### WHAT IS EXPECTED
Leave the pictures out, and transcribe the material below exactly from the line with "Coffee at Kunjani" to the line with "algemeen-nieuws-23-8-1940-p-1.png", both lines included.

[DATA RECORDS Boundary: Start]

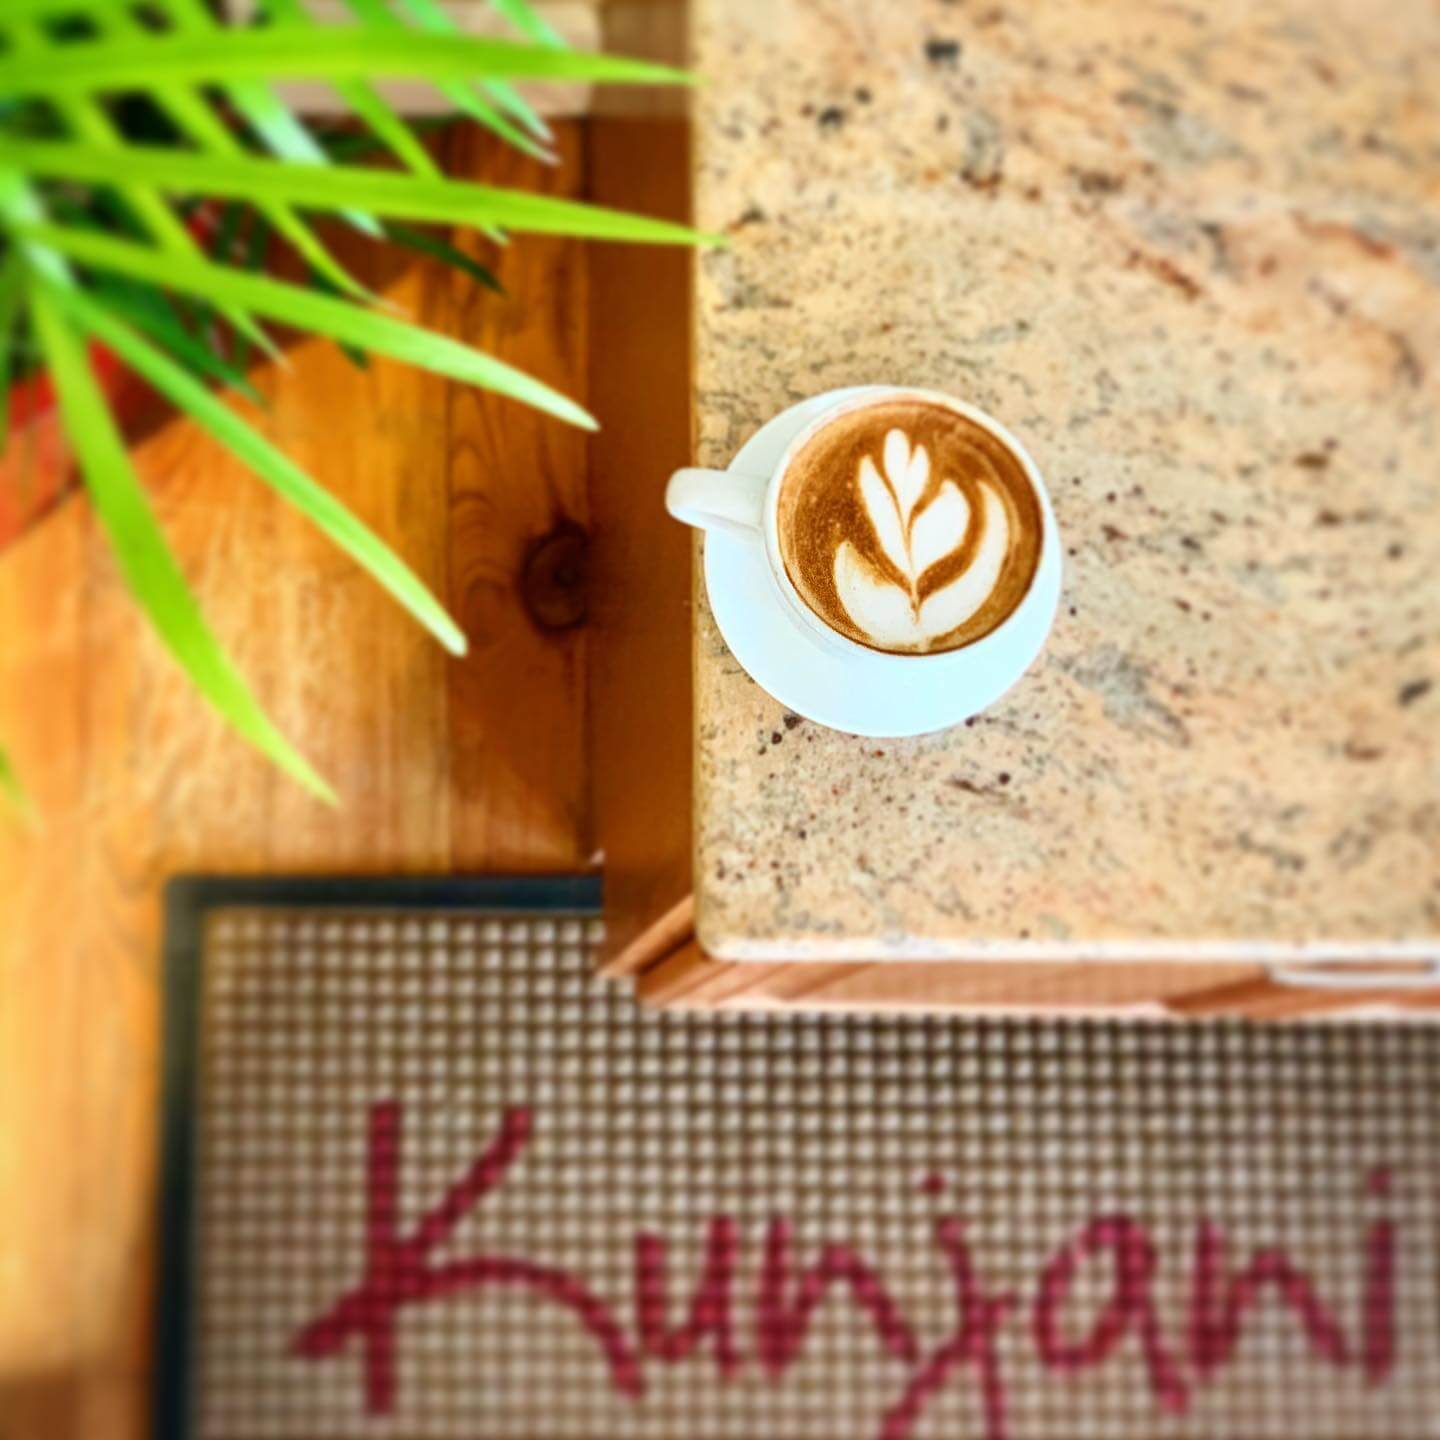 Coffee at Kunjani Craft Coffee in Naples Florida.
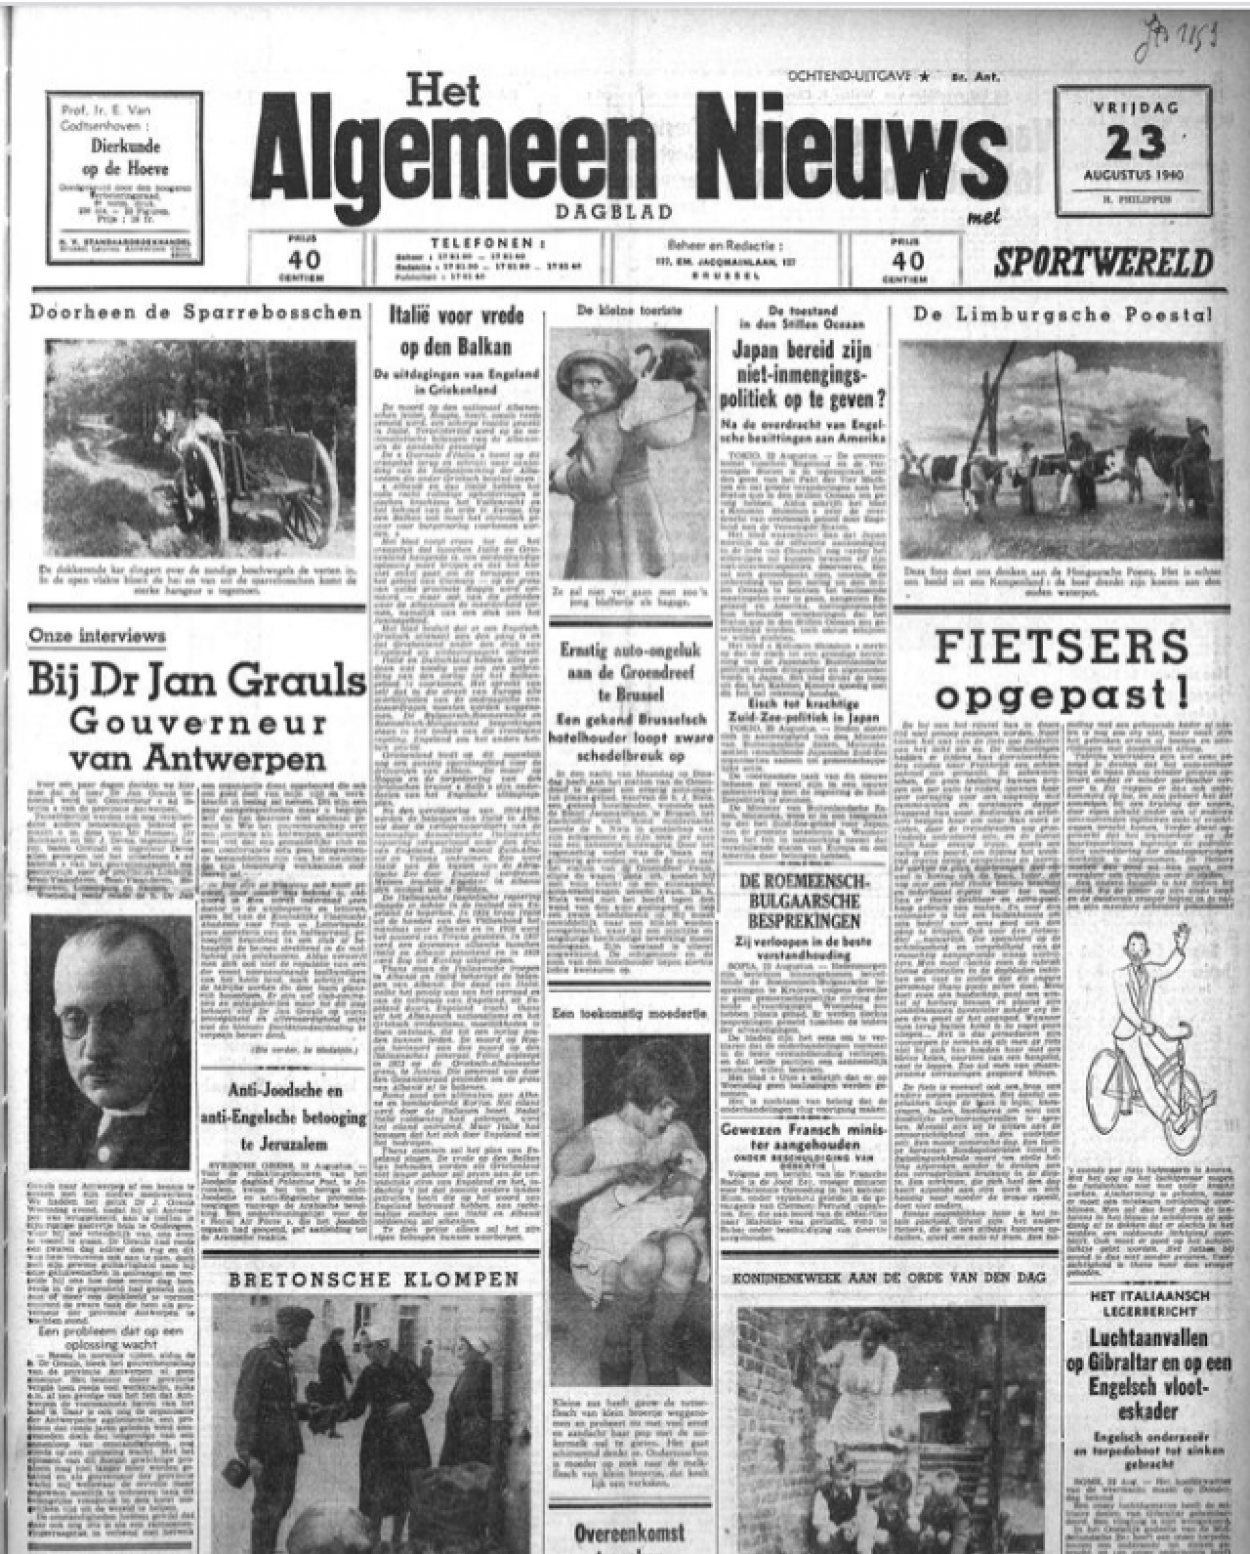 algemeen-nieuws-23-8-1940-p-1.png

[DATA RECORDS Boundary: End]
[DATA RECORDS Boundary: Start]

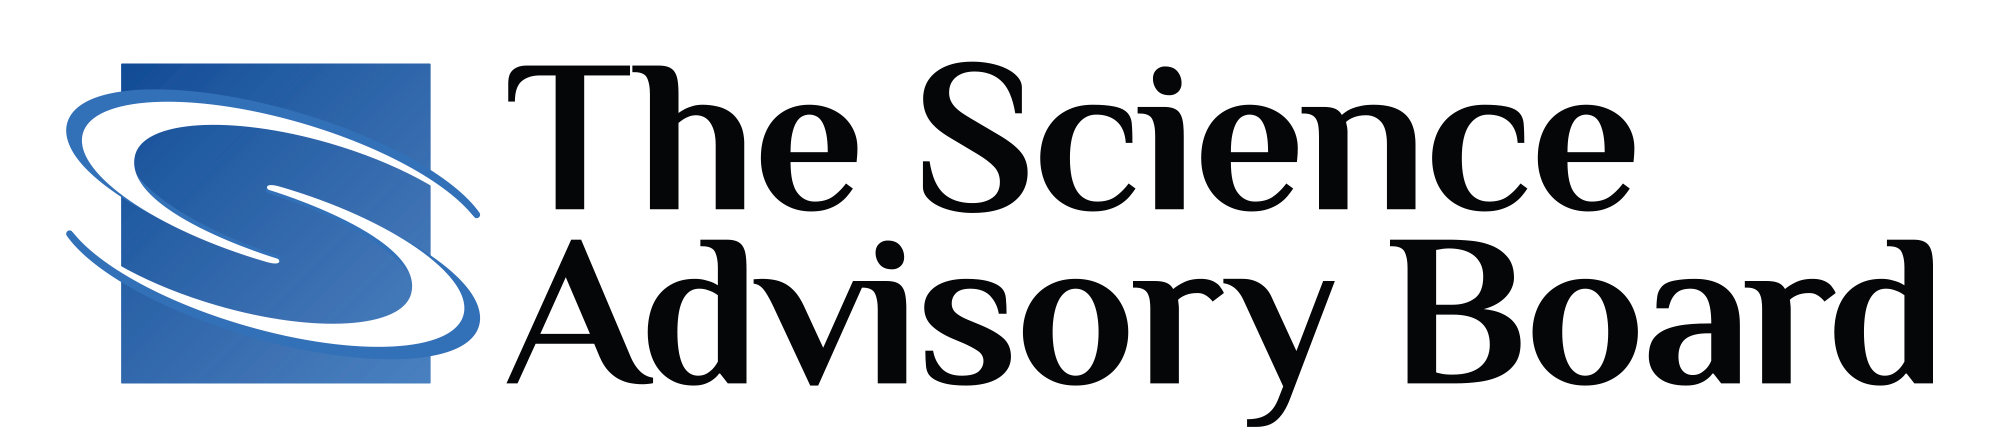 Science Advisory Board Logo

[DATA RECORDS Boundary: End]
[DATA RECORDS Boundary: Start]

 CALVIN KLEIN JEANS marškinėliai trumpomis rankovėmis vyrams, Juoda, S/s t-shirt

[DATA RECORDS Boundary: End]

### RESULT OF THIS TASK
 Coffee at Kunjani Craft Coffee in Naples Florida.
 algemeen-nieuws-23-8-1940-p-1.png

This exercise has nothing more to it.